Rateio Dinâmico: Para evitar custos com alterações contratuais na Junta Comercial toda vez que um cliente entrar ou sair, o contrato principal delega à Administradora o poder de alterar os percentuais de energia. A entrada de novos clientes será feita apenas via Termos de Adesão (contratos de gaveta com validade jurídica), e a atualização do rateio será feita diretamente no portal da concessionária.

2. A Relação Comercial e Tributária

O cliente final assinará o Termo de Adesão e pagará um valor mensal único pela energia compensada. Porém, para evitar que minha empresa seja tributada no Simples Nacional sobre um faturamento que pertence ao investidor da usina, a operação será faturada de forma segregada na origem:
A Fatura do Investidor (Locação): O dono da usina emitirá uma Fatura/Recibo de Locação de Equipamentos referente à maior parte do valor pago pelo cliente. Como locação de bens móveis não incide ISS, ele assume a responsabilidade fiscal dessa fatia no CNPJ dele.
A Fatura da Administradora (Gestão/O&M): Minha empresa emitirá uma Nota Fiscal de Serviços (Anexo III) referente apenas ao nosso take rate (a taxa de gestão administrativa e manutenção da usina).
O Fluxo Financeiro (Mandato): O Consórcio emitirá um boleto único para o cliente. Utilizaremos um gateway de split de pagamentos para dividir os recursos automaticamente.

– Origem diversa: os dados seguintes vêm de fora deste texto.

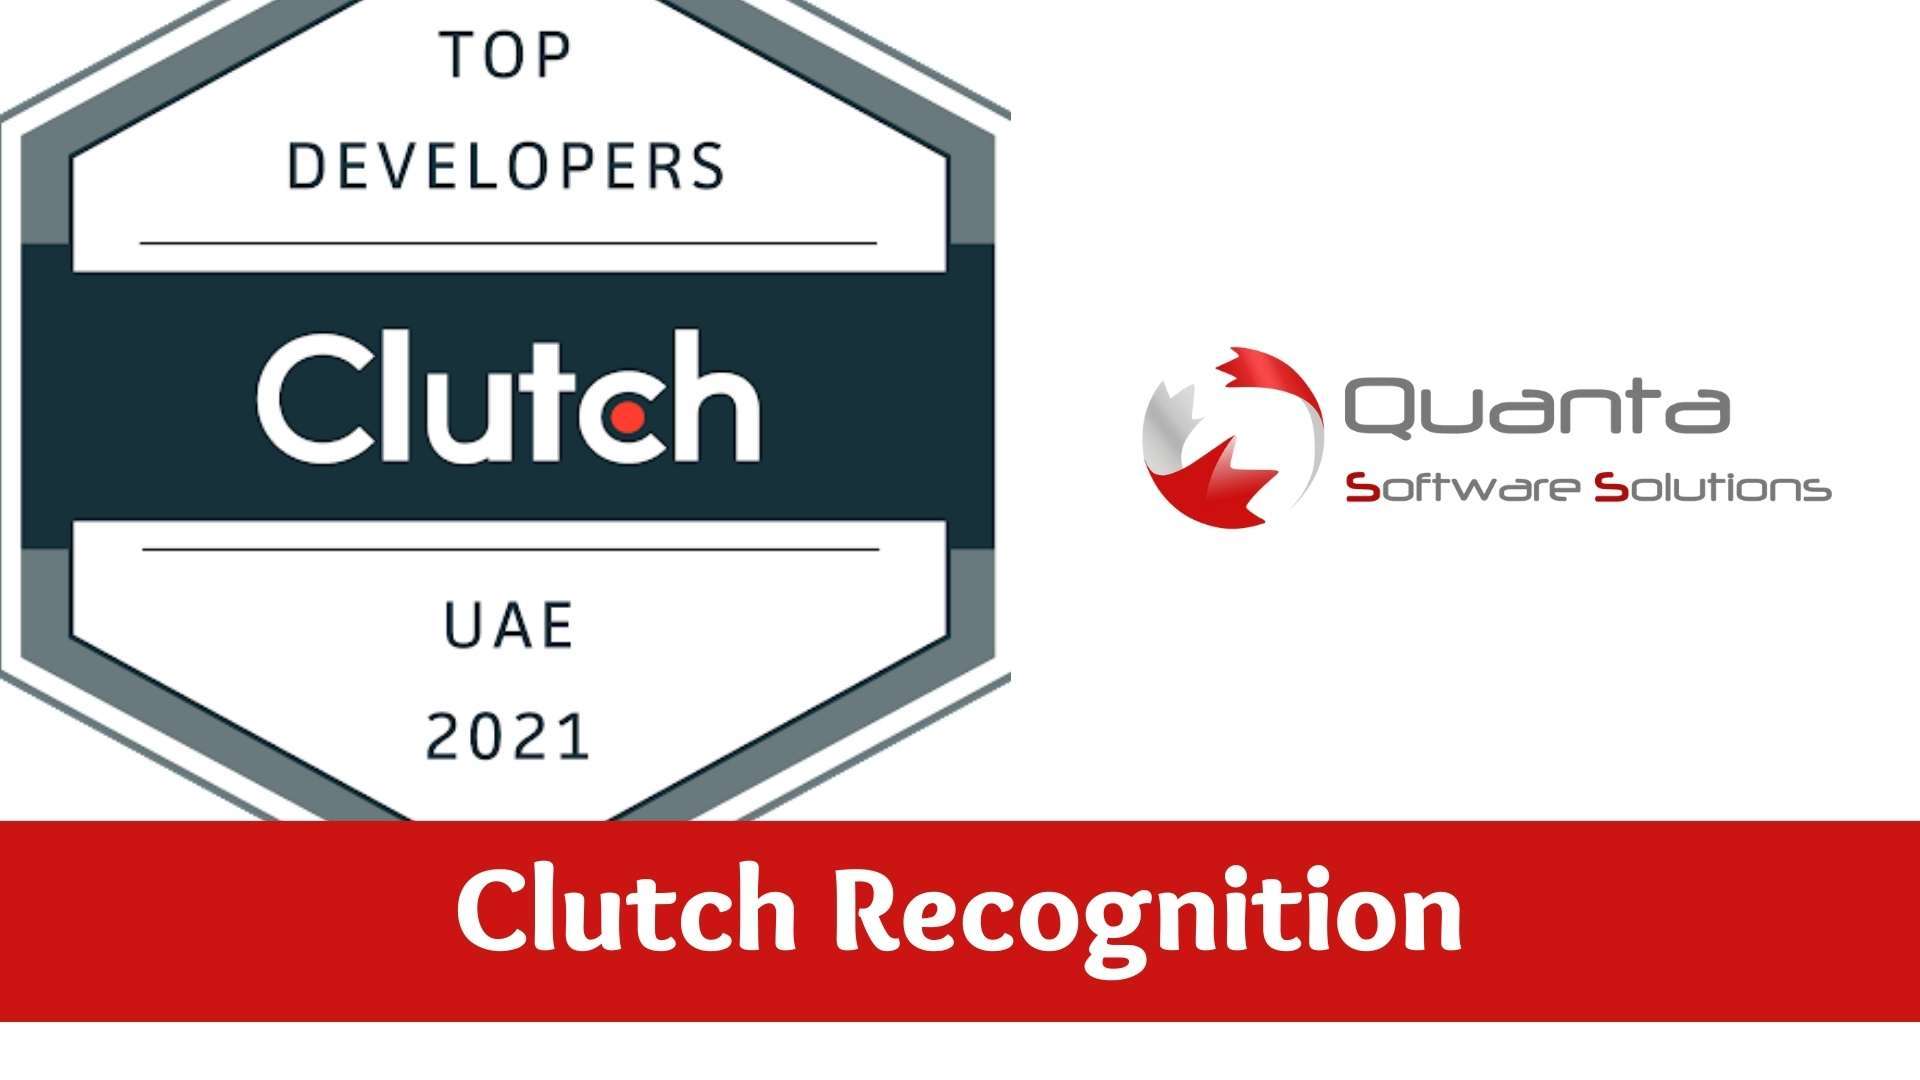 Quanta Software Solution Recognized By Clutch As A Leading 2021 App Developer In UAE

Para amarrar isso contabilmente, o Consórcio atuará como Mandatário Arrecadador, emitindo um "Aviso de Rateio/Débito" mensal para o cliente, acompanhado da minha NF de serviço e do recibo de locação do investidor, justificando a saída total do caixa dele.


Dúvidas para a comunidade:

Segurança Contratual: Esse modelo de "Rateio Dinâmico" via Termos de Adesão individuais é amplamente aceito em caso de execuções judiciais (inadimplência do cliente), considerando que o nome do cliente final não estará no contrato arquivado na Junta Comercial?

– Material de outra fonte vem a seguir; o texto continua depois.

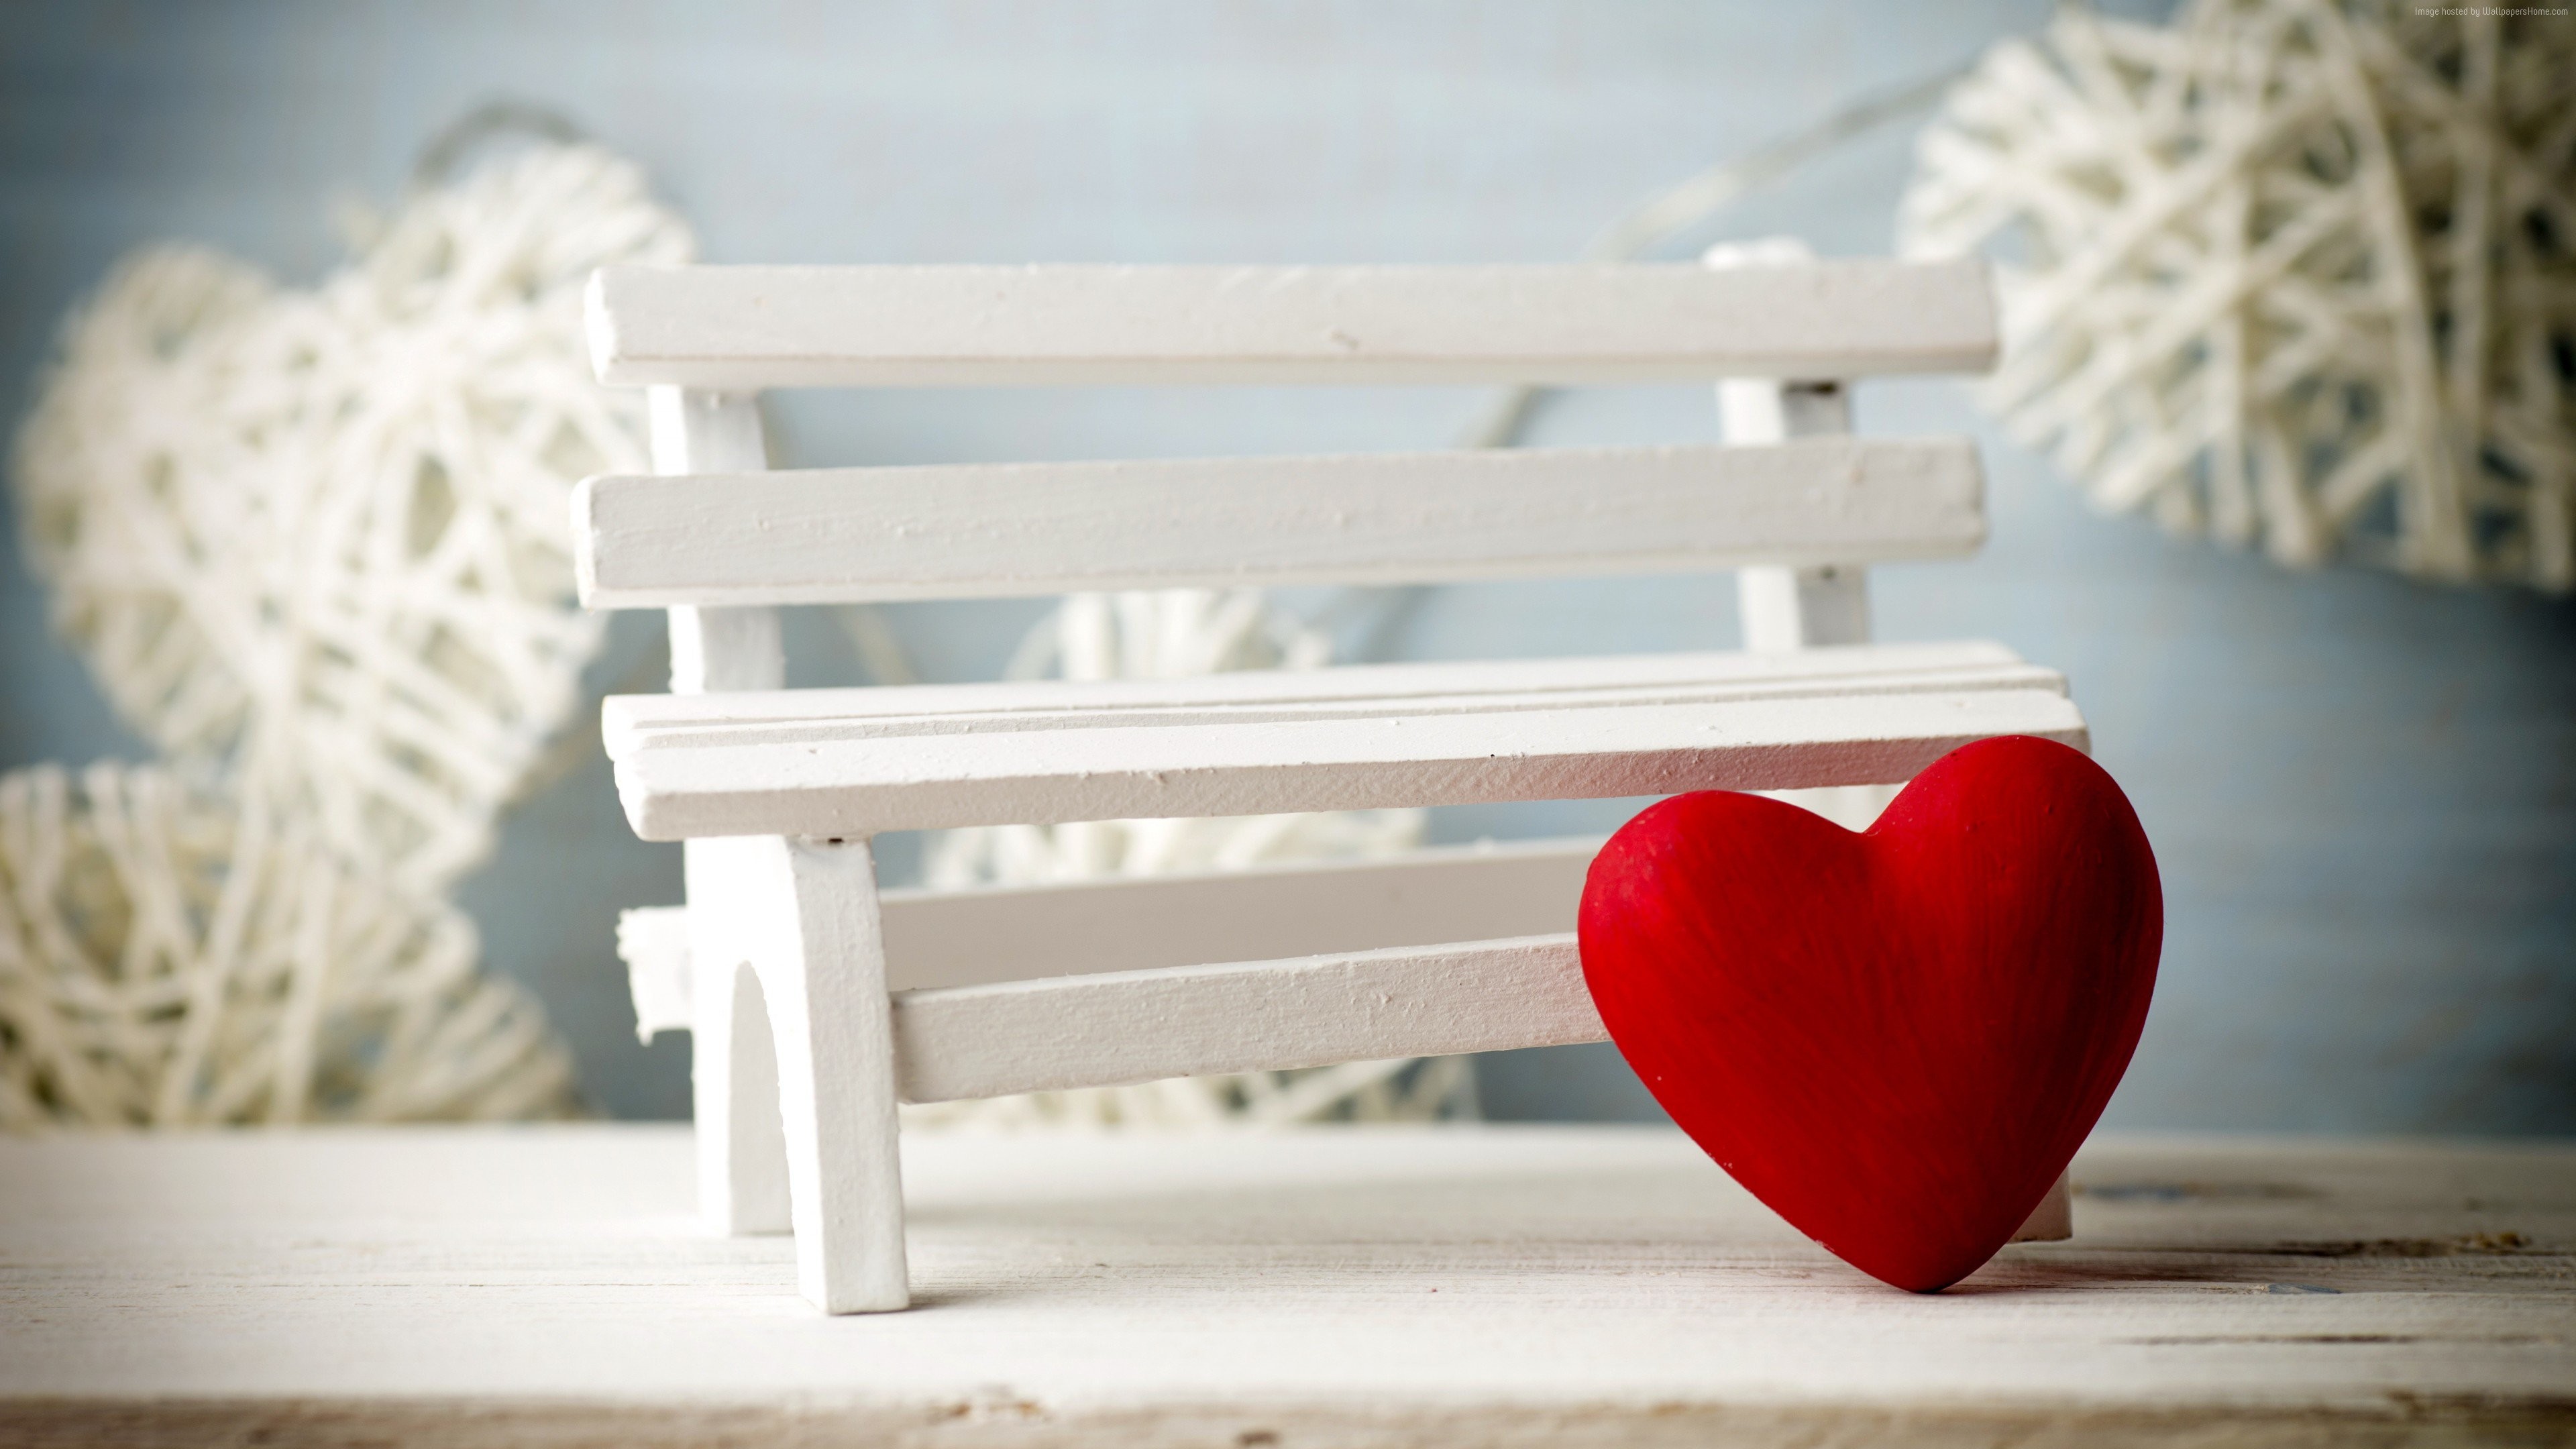 3840x2160 Red heart in front of the white bench

Compliance em Clientes B2B: Na experiência de vocês com empresas de Lucro Real e Presumido, a contabilidade costuma aceitar bem o pagamento de um boleto em nome do Consórcio lastreado por notas/faturas emitidas por terceiros (Administradora e Investidor) sob a figura do Mandato de Arrecadação?

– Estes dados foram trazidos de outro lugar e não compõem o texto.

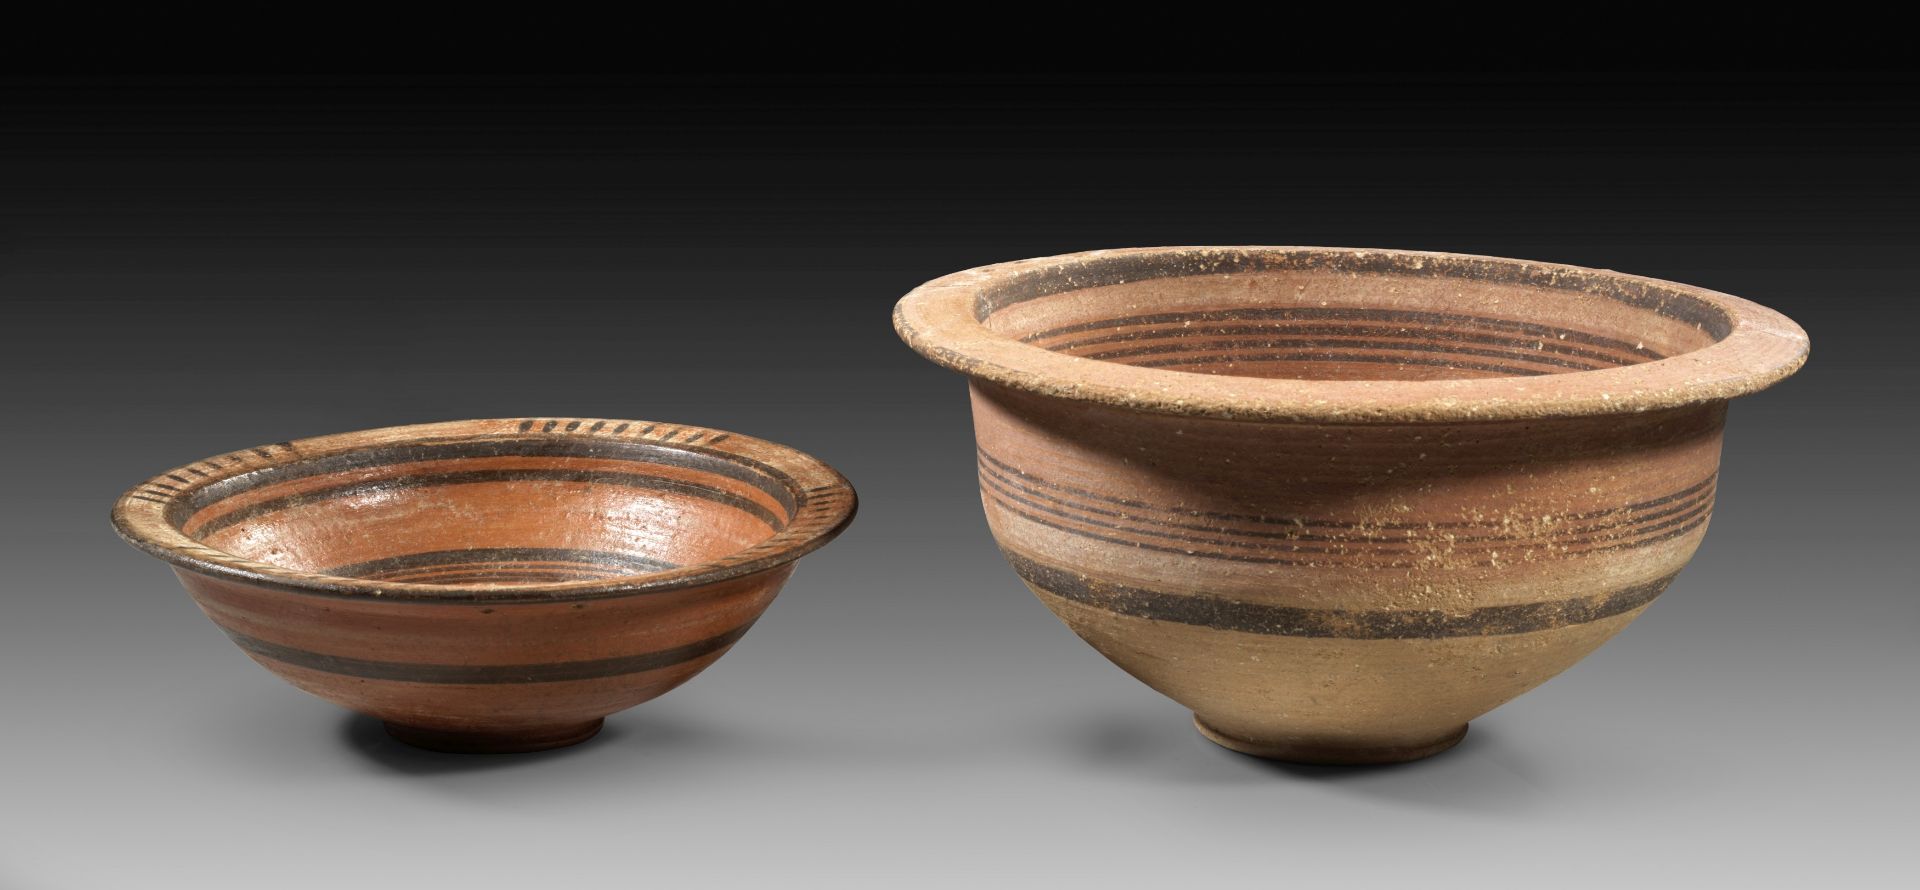 Two Eastern Mediterranean bowls of the Bichrome Red Ware.

Transição para Usinas Próprias: Quando eu começar a alocar usinas próprias dentro dessa estrutura, a minha própria empresa passará a emitir também a fatura de locação. Essa estrutura contábil se mantém eficiente no Simples Nacional, ou vocês recomendam a abertura de uma SPE (Sociedade de Propósito Específico) separada só para blindar os meus ativos físicos?
Reforma Tributária (IBS/CBS): Com a previsão de que as locações de bens móveis passarão a ser tributadas, vocês já estão recomendando alguma adaptação em contratos de longo prazo de GD ou alguma cláusula de repasse tributário para proteger a margem?
Pontos Cegos: Tem algum grande risco fiscal, trabalhista ou societário nessa arquitetura que eu não estou enxergando?
Agradeço antecipadamente a quem puder debater e compartilhar experiências sobre o setor!